_Assigned task_
Restate each line of the listing exactly, without carrying over any pictures.

_Dataset content_
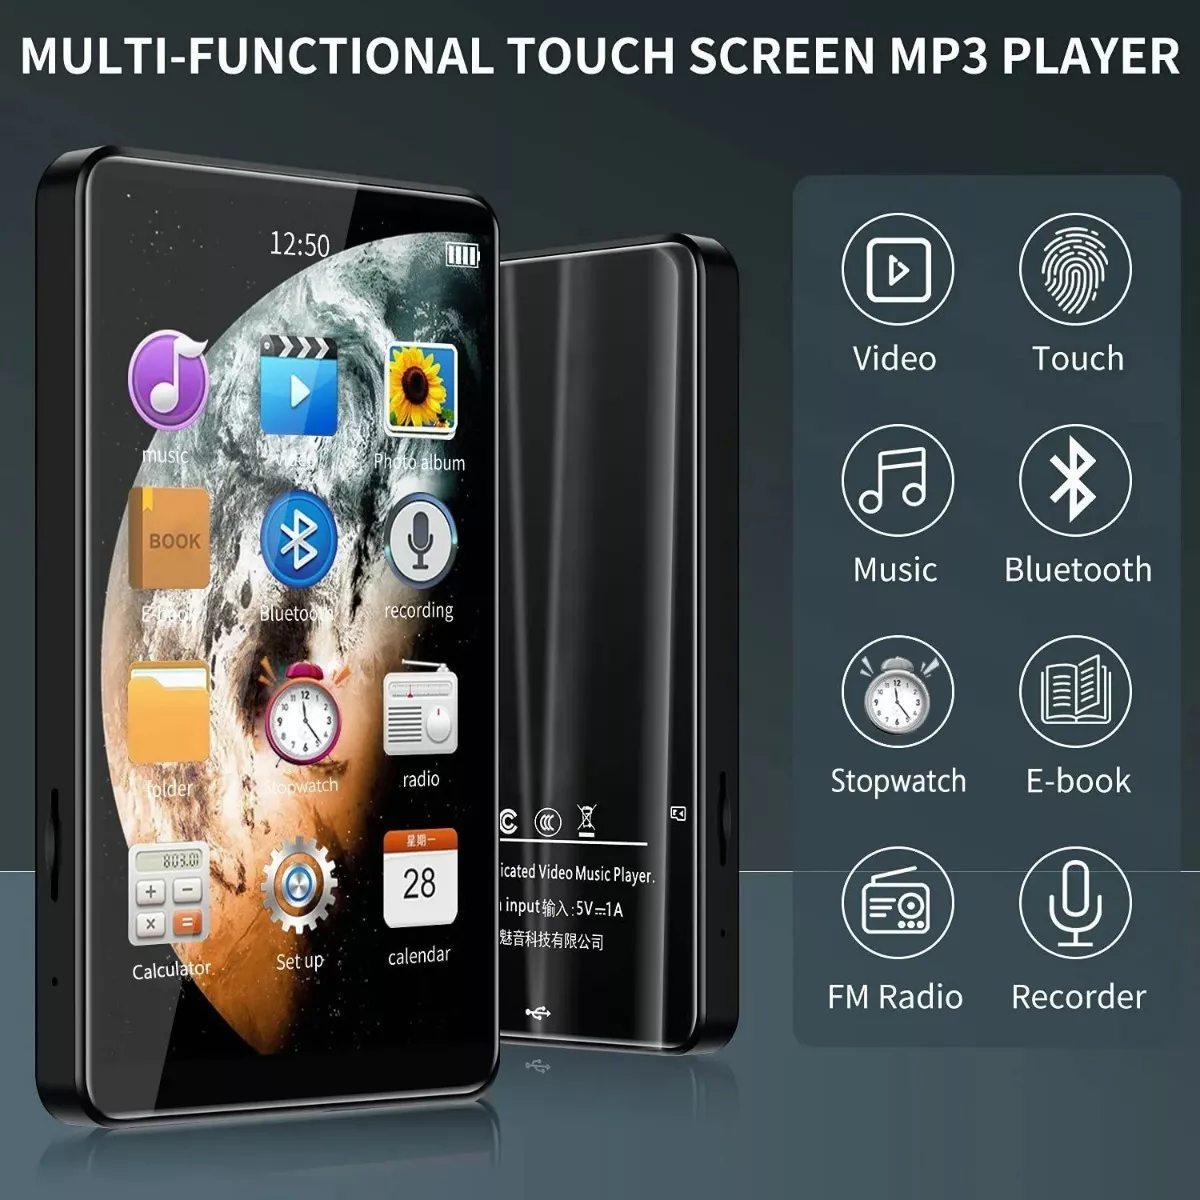 Reproductor Mp3 Mp4 Bluetooth Con Pantalla Táctil
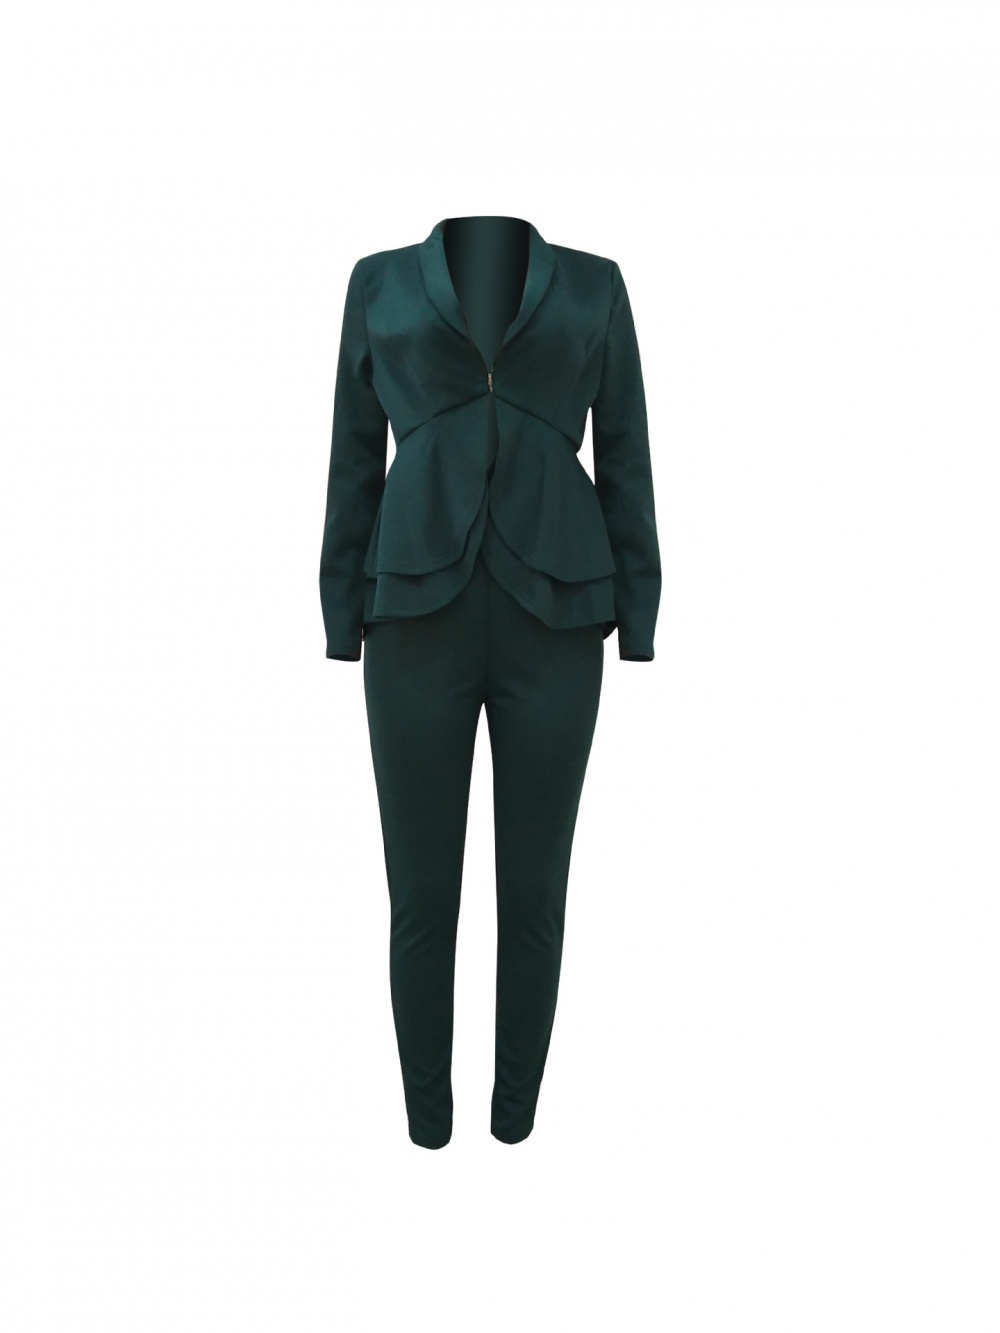 Business suit a set for women
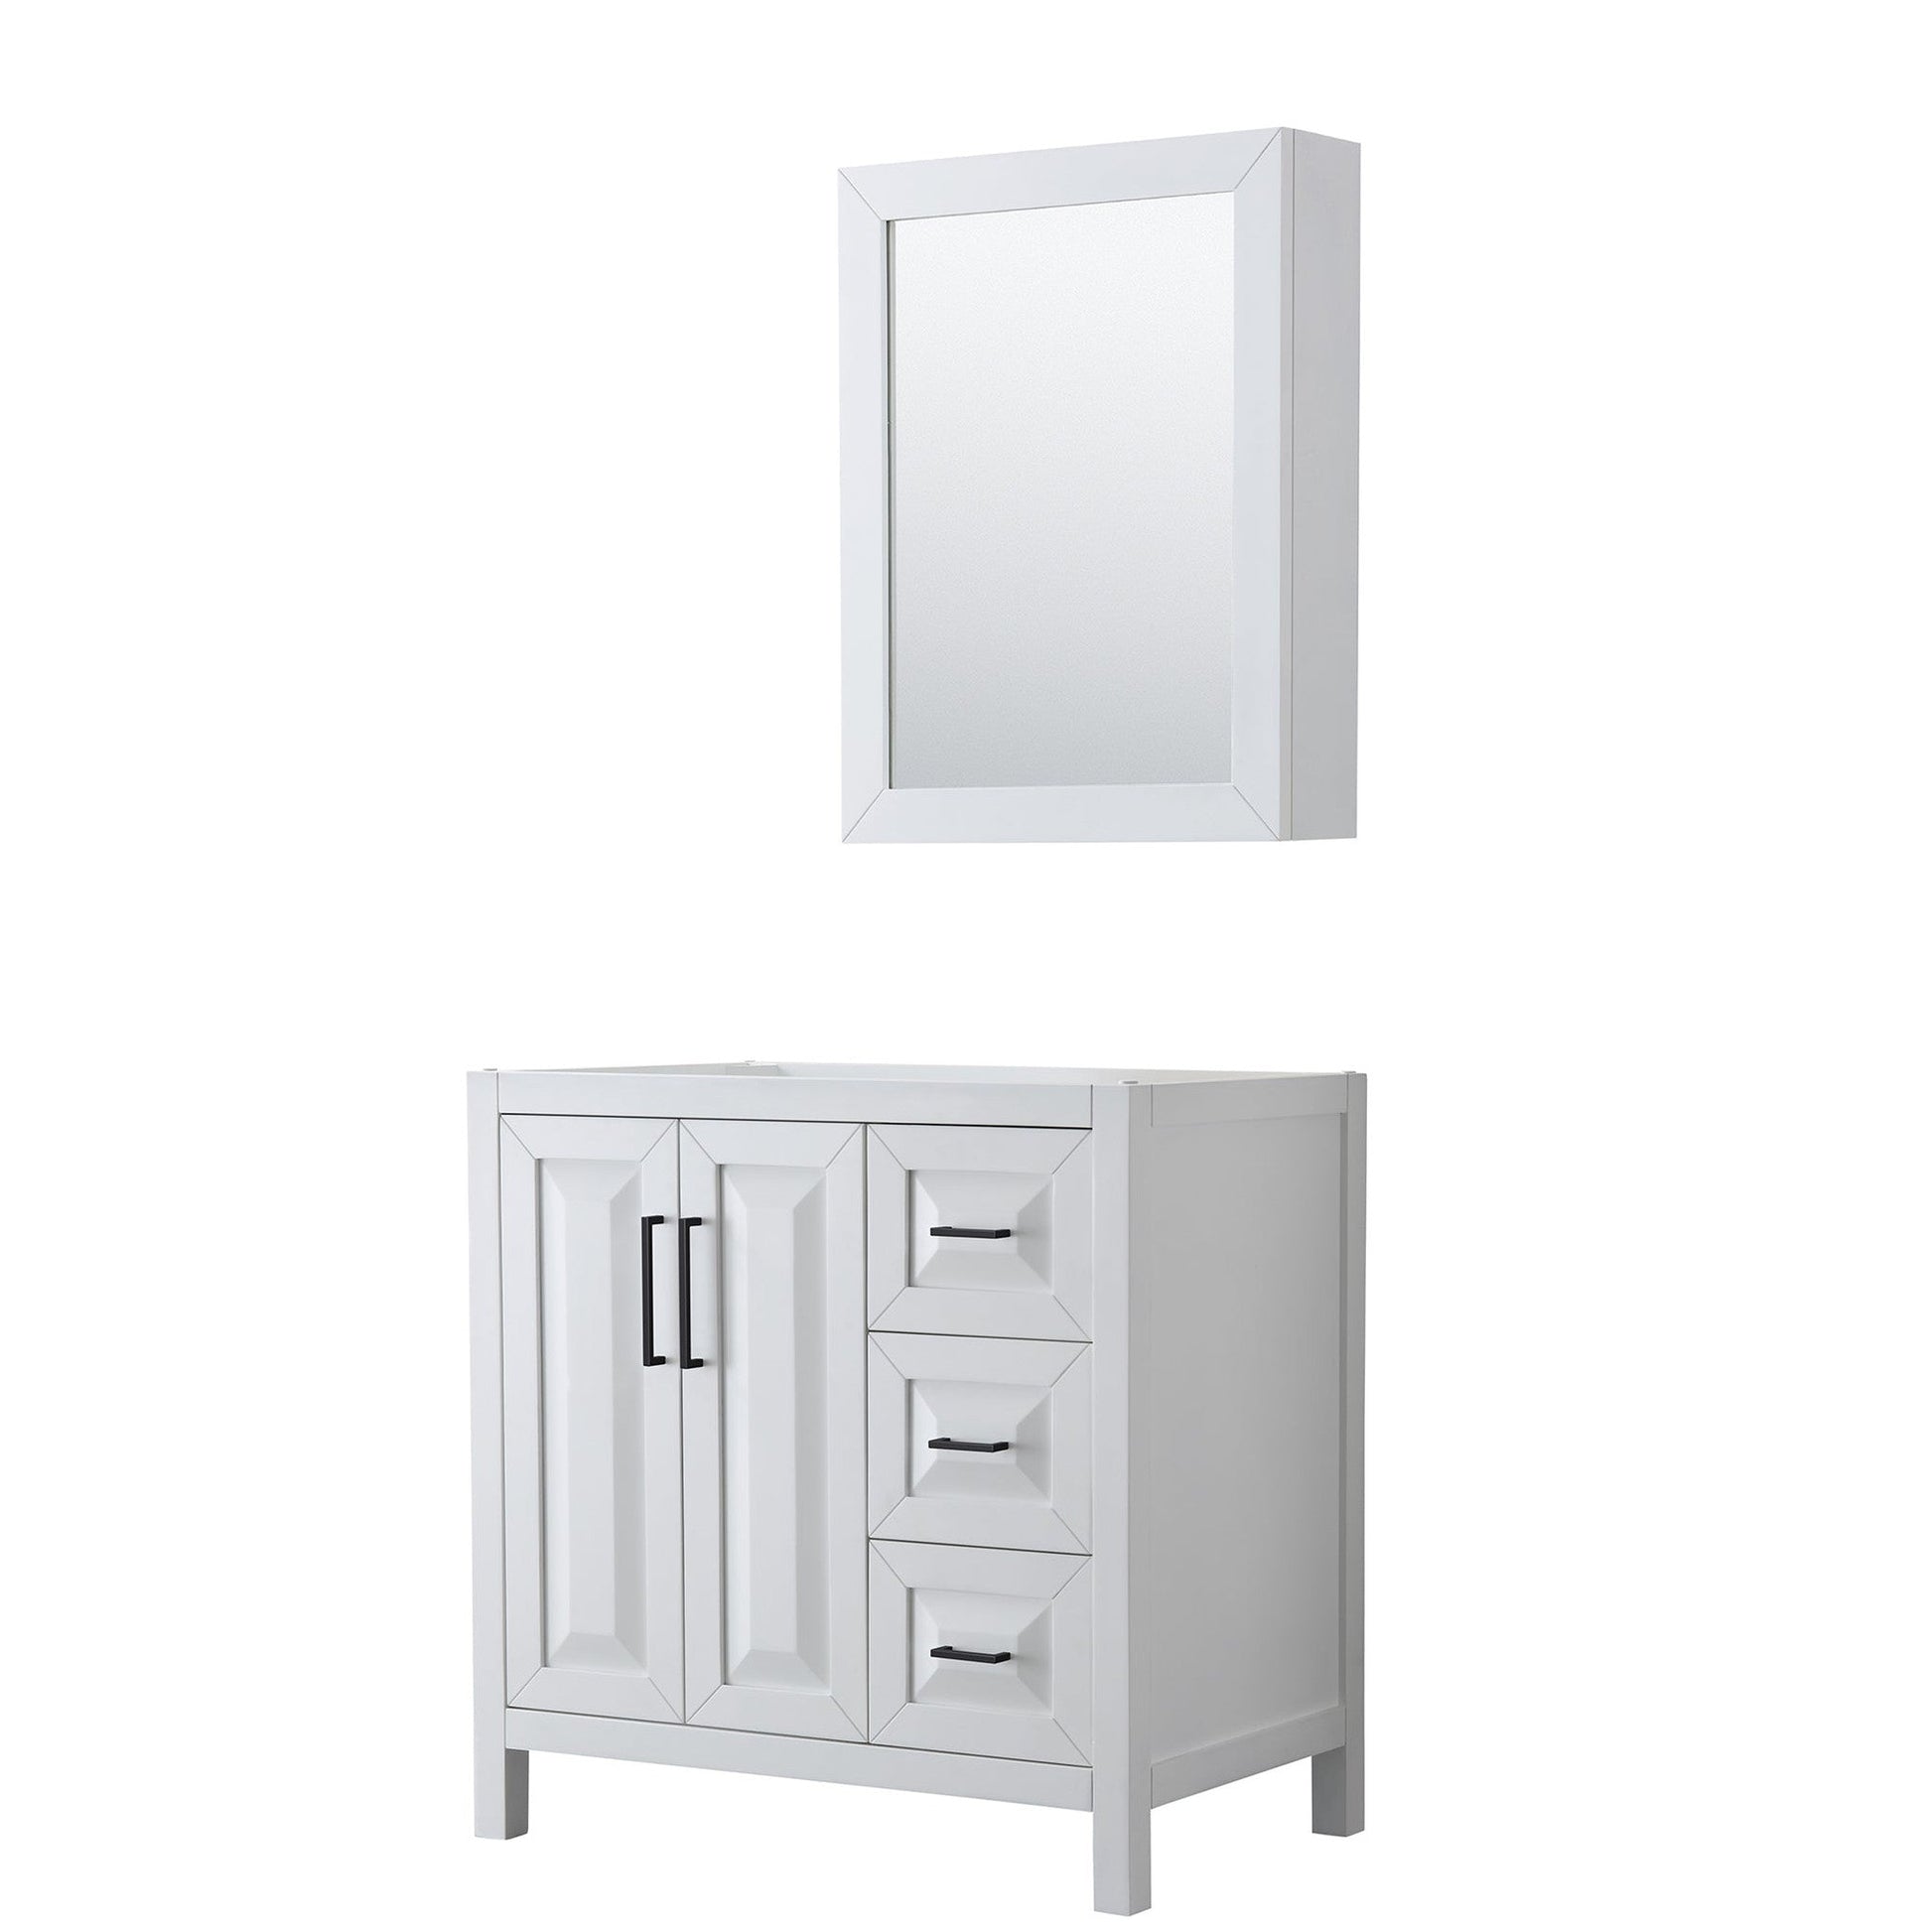 Daria 36" Single Bathroom Vanity in White, No Countertop, No Sink, Matte Black Trim, Medicine Cabinet

_Worked solution_
 Reproductor Mp3 Mp4 Bluetooth Con Pantalla Táctil
 Business suit a set for women
 Daria 36" Single Bathroom Vanity in White, No Countertop, No Sink, Matte Black Trim, Medicine Cabinet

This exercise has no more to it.